• **DATASET SECTION**
══════════

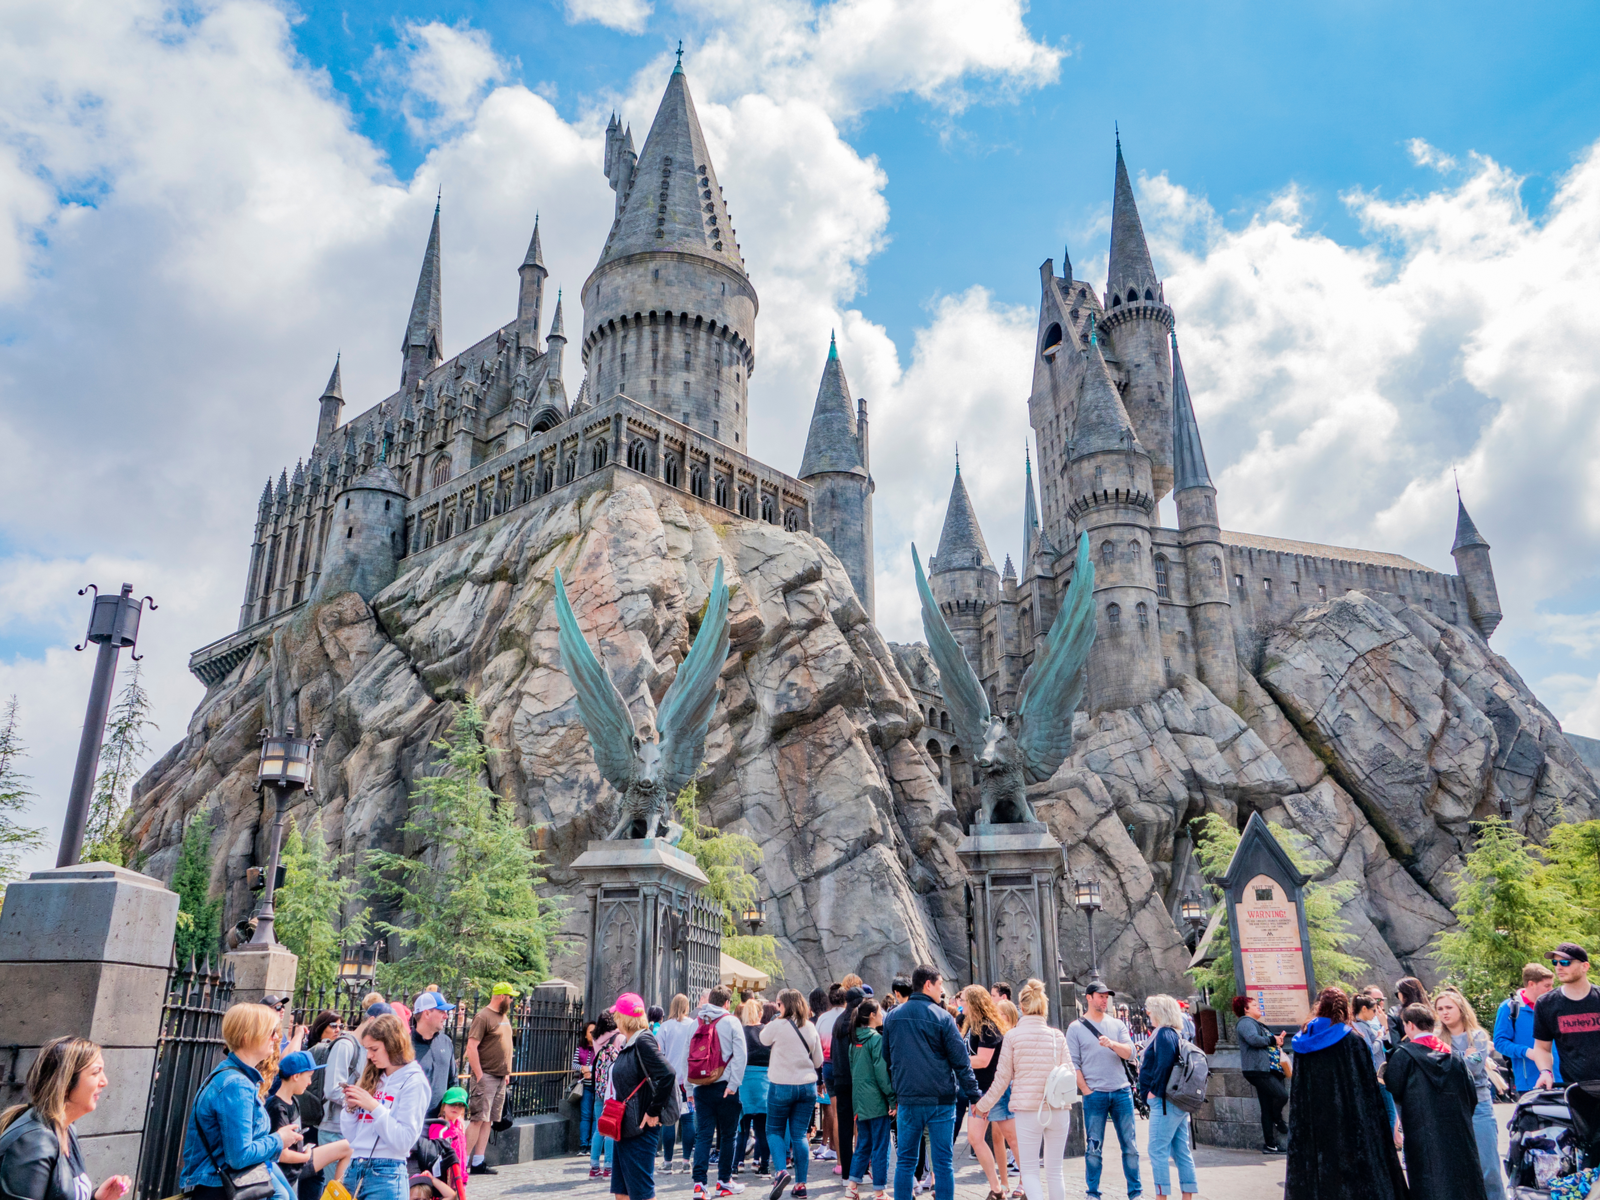 People crowding the entrance of Hogwarts Castle, a Harry Potter Castle theme, at Universal Studios in Hollywood, one of the best things to do in California
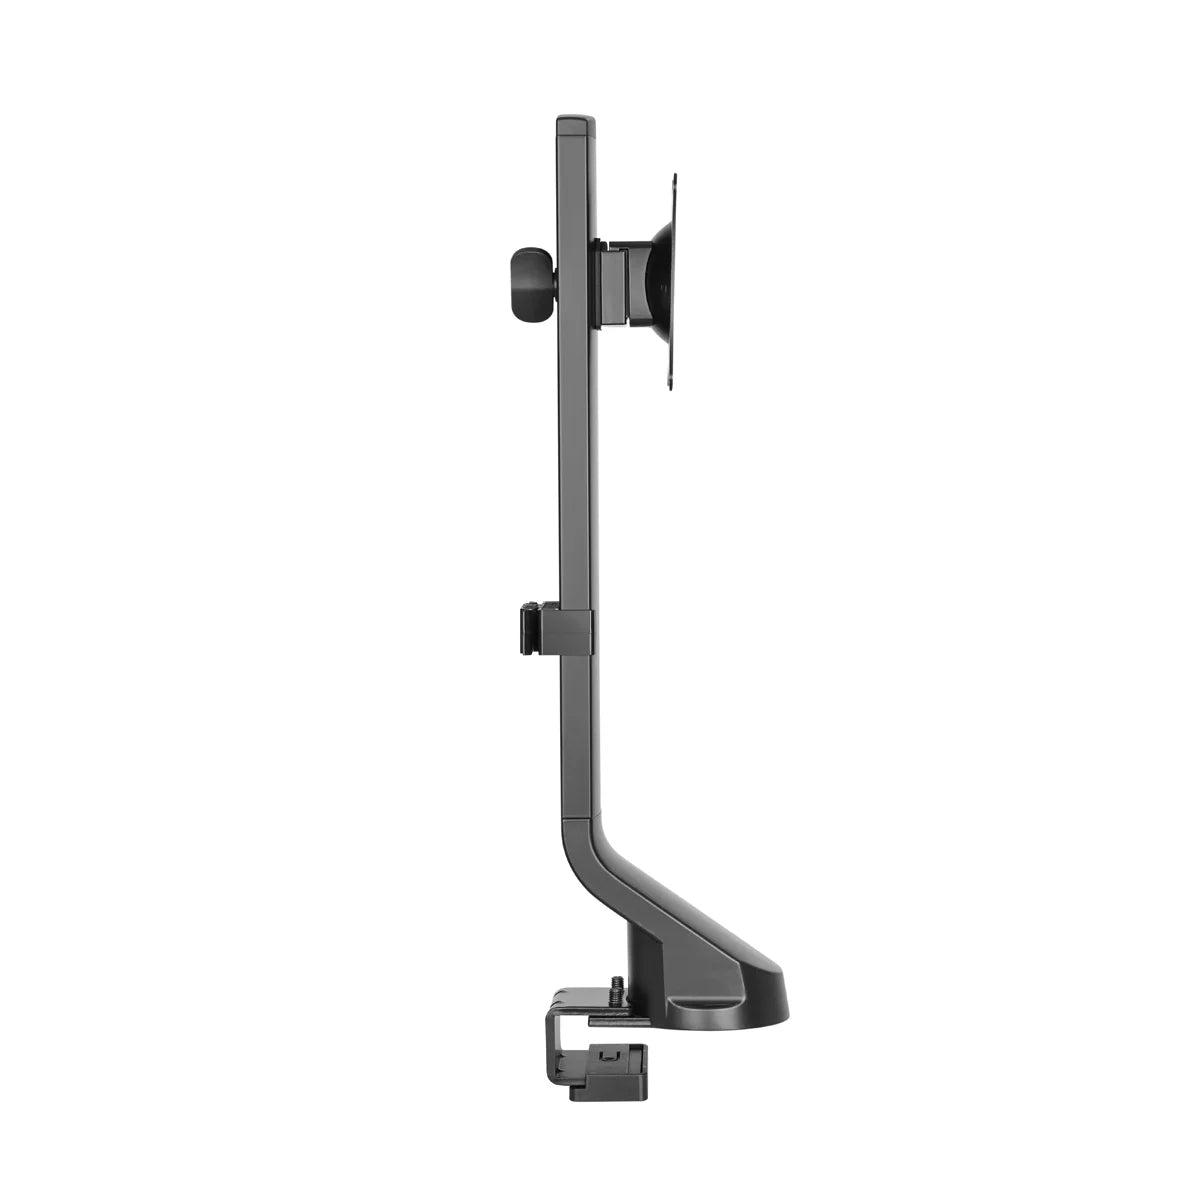 SkillTech - SH 21 C01 - Single Screen Sit-Stand Workstation Compatible Monitor Arm
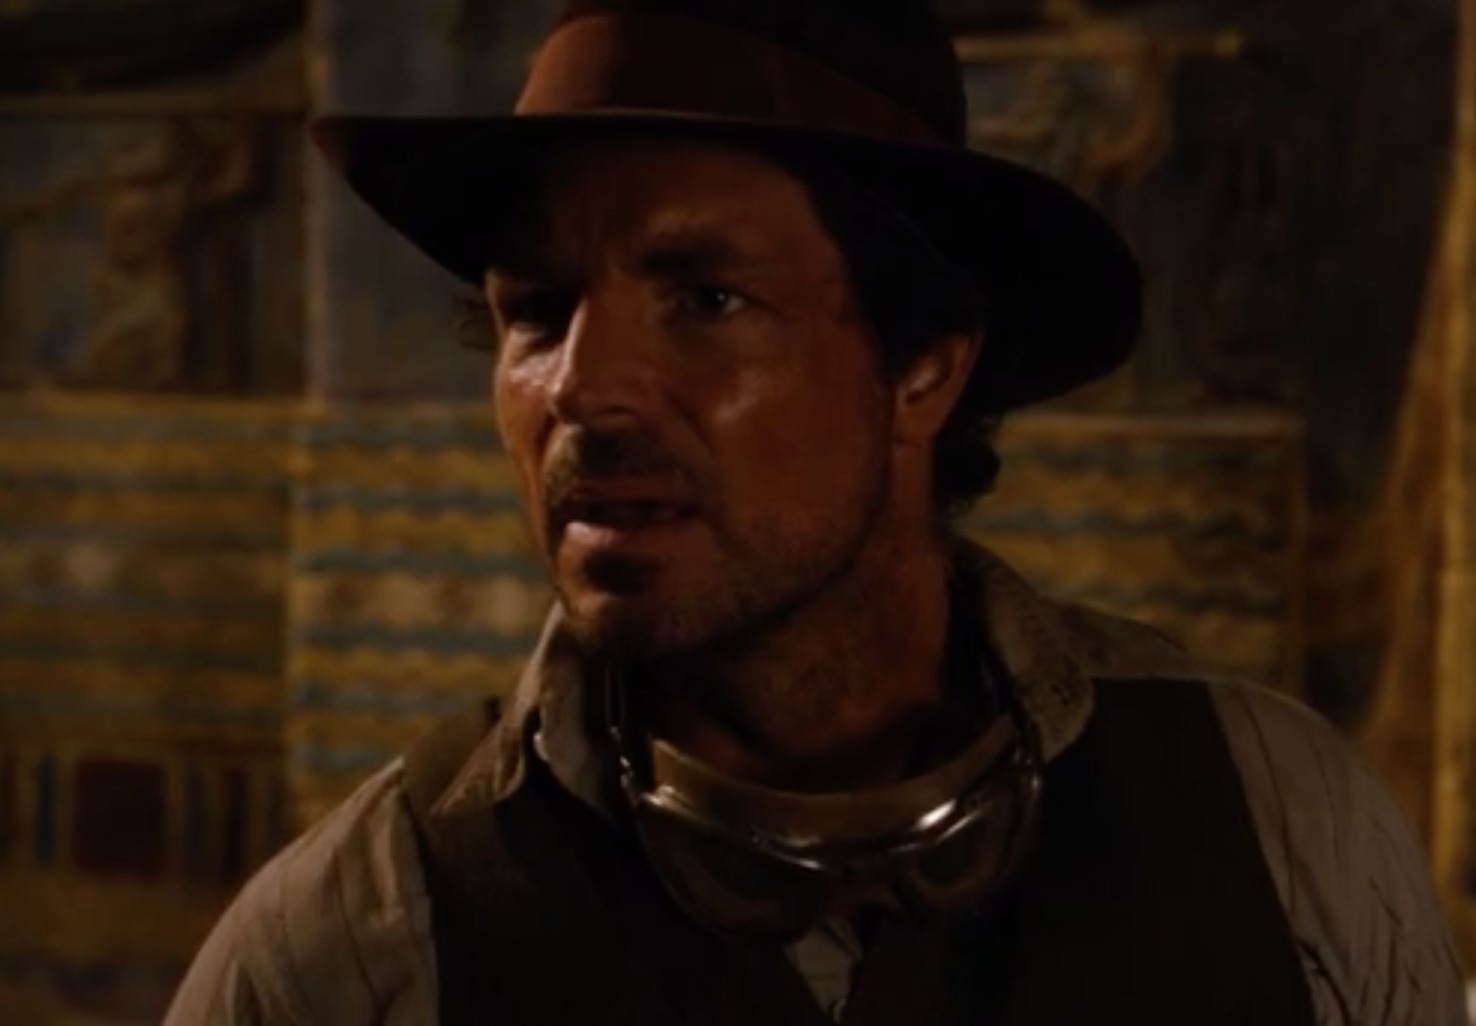 still from Night At The Museum: Secret of The Tomb (2014)

══════════

• **YOUR INSTRUCTIONS**
Copy the listing above verbatim, leaving out pictures.

• **SOLUTION BELOW**
 People crowding the entrance of Hogwarts Castle, a Harry Potter Castle theme, at Universal Studios in Hollywood, one of the best things to do in California
 SkillTech - SH 21 C01 - Single Screen Sit-Stand Workstation Compatible Monitor Arm
 still from Night At The Museum: Secret of The Tomb (2014)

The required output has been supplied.